PROBLEM :: Please output exactly the lines that run from the line with "Силиконовый чехол для" through the final line of the data, inclusive, and nothing more.

---+---

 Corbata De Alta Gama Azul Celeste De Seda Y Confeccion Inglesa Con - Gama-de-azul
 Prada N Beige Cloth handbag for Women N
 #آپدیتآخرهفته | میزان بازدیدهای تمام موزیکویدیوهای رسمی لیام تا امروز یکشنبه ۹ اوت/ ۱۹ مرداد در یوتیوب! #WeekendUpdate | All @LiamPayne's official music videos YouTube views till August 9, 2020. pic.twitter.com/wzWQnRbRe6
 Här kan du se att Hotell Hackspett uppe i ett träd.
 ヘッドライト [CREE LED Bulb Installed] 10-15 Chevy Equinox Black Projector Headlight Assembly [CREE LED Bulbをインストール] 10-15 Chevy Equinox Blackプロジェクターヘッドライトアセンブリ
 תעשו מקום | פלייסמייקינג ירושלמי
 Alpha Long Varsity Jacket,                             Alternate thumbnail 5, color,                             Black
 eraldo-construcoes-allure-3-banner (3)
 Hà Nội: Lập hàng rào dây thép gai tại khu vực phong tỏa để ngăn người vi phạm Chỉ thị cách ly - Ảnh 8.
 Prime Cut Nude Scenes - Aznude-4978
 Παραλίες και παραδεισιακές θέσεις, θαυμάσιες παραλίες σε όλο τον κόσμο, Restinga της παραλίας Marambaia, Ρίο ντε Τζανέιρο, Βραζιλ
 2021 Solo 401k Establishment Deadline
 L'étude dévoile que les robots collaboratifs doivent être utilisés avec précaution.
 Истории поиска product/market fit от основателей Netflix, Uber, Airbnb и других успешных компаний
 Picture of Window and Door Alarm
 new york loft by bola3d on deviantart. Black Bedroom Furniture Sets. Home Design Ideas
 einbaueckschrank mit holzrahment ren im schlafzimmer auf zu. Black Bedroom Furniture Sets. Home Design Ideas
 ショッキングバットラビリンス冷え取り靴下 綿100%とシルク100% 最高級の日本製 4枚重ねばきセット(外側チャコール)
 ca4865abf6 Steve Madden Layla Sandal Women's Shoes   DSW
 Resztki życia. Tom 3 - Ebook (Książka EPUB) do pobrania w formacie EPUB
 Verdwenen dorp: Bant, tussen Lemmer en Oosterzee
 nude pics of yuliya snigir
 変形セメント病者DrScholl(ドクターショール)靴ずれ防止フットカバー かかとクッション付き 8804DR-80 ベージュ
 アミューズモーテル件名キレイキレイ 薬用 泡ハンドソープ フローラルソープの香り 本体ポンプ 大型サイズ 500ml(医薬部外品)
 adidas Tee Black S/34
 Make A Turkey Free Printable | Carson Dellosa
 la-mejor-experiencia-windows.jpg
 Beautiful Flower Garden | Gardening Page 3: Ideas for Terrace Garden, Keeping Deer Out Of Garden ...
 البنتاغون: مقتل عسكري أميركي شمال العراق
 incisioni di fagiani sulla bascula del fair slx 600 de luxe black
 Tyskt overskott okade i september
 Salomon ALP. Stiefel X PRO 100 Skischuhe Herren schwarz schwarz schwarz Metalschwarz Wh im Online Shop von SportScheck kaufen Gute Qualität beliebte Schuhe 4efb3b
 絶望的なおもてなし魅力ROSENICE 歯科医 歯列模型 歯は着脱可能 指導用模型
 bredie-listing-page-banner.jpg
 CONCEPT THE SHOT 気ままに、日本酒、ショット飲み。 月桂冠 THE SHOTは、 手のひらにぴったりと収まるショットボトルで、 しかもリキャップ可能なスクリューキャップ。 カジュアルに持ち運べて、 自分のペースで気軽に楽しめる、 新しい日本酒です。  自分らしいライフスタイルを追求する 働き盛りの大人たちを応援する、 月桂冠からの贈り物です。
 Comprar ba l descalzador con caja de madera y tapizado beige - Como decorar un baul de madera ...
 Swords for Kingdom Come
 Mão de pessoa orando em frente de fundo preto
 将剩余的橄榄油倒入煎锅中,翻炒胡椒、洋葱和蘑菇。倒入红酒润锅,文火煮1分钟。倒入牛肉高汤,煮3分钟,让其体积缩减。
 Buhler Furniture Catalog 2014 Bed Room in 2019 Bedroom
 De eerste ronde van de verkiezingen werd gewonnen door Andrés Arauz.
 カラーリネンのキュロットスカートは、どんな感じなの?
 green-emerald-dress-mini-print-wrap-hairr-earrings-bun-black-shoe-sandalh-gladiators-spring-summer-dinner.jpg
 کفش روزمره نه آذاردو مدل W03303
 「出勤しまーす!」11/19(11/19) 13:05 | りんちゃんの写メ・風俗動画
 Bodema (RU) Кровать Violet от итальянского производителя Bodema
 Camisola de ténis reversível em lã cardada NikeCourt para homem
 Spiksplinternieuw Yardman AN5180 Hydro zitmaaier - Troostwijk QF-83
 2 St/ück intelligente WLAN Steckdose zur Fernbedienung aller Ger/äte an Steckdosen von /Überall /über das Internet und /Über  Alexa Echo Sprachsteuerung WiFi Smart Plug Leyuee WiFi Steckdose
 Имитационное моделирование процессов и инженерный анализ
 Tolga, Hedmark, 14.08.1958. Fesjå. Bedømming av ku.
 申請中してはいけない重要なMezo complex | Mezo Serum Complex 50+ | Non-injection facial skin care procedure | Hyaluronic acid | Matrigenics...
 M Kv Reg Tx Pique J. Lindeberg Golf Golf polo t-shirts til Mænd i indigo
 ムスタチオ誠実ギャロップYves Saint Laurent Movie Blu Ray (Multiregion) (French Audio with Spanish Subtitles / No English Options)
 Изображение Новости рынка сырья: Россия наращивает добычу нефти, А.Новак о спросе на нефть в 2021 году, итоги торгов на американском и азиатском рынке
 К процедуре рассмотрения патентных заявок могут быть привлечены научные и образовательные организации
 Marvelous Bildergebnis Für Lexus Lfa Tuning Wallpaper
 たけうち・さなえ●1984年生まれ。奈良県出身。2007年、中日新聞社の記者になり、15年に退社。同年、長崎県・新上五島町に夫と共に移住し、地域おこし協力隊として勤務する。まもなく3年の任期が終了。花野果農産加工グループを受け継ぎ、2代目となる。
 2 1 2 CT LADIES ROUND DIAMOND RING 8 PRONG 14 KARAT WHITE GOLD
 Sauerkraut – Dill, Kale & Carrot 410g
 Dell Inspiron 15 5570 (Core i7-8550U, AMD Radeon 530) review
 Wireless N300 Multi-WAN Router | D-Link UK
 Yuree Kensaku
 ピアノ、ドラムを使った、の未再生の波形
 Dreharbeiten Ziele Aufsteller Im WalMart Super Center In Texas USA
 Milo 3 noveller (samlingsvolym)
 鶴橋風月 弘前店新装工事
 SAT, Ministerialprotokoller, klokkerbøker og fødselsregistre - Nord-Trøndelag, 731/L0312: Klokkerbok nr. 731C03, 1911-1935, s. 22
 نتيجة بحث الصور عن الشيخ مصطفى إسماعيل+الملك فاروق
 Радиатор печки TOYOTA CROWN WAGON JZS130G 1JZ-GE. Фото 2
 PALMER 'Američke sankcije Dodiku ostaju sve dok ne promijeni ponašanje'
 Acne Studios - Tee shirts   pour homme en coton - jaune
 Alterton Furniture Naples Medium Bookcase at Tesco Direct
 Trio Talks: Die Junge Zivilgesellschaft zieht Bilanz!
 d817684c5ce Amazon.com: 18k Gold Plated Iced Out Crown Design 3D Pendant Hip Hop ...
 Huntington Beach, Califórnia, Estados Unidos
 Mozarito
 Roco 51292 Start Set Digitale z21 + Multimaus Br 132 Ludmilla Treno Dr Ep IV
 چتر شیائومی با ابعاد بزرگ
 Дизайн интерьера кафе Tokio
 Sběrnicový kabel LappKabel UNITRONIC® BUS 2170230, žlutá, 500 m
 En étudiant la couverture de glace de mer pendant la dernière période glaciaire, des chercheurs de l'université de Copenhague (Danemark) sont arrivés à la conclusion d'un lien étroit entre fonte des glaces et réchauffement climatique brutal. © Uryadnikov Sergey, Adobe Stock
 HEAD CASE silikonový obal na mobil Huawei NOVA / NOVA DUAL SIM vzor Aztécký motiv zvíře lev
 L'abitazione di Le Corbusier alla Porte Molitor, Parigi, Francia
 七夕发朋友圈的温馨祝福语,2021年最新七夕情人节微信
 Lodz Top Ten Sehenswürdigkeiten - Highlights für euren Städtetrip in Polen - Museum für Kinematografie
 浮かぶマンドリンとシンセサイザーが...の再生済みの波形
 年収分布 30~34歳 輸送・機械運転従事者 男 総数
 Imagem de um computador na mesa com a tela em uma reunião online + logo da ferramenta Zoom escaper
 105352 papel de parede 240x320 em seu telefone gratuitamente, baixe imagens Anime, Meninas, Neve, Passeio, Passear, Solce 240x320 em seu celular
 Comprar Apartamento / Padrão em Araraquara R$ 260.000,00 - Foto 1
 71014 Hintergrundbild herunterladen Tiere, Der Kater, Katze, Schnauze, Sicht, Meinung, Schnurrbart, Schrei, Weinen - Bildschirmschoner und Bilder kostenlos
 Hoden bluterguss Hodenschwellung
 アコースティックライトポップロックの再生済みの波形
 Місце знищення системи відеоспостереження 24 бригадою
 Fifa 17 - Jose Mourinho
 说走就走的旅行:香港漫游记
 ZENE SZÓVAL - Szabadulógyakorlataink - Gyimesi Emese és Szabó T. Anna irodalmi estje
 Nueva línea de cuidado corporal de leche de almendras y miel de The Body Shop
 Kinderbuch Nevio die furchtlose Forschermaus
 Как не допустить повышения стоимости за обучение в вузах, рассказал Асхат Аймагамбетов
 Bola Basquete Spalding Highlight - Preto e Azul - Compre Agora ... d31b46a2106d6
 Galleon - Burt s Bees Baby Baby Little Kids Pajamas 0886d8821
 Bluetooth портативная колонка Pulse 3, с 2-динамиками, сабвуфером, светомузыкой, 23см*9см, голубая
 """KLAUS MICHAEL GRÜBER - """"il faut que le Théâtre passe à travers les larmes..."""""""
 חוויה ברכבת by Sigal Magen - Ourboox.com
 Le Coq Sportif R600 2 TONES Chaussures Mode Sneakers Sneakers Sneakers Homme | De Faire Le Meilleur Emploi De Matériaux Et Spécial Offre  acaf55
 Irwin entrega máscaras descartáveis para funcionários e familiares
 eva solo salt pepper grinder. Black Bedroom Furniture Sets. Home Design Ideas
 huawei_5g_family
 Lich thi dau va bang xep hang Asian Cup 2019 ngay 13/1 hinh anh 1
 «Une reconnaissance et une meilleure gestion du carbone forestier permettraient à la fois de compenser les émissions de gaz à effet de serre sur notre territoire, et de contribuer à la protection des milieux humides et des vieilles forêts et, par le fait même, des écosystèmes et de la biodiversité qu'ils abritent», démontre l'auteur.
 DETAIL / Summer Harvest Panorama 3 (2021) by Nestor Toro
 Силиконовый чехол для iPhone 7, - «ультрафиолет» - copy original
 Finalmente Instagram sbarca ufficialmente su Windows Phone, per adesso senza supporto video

---+---

YOUR RESPONSE ::
 Силиконовый чехол для iPhone 7, - «ультрафиолет» - copy original
 Finalmente Instagram sbarca ufficialmente su Windows Phone, per adesso senza supporto video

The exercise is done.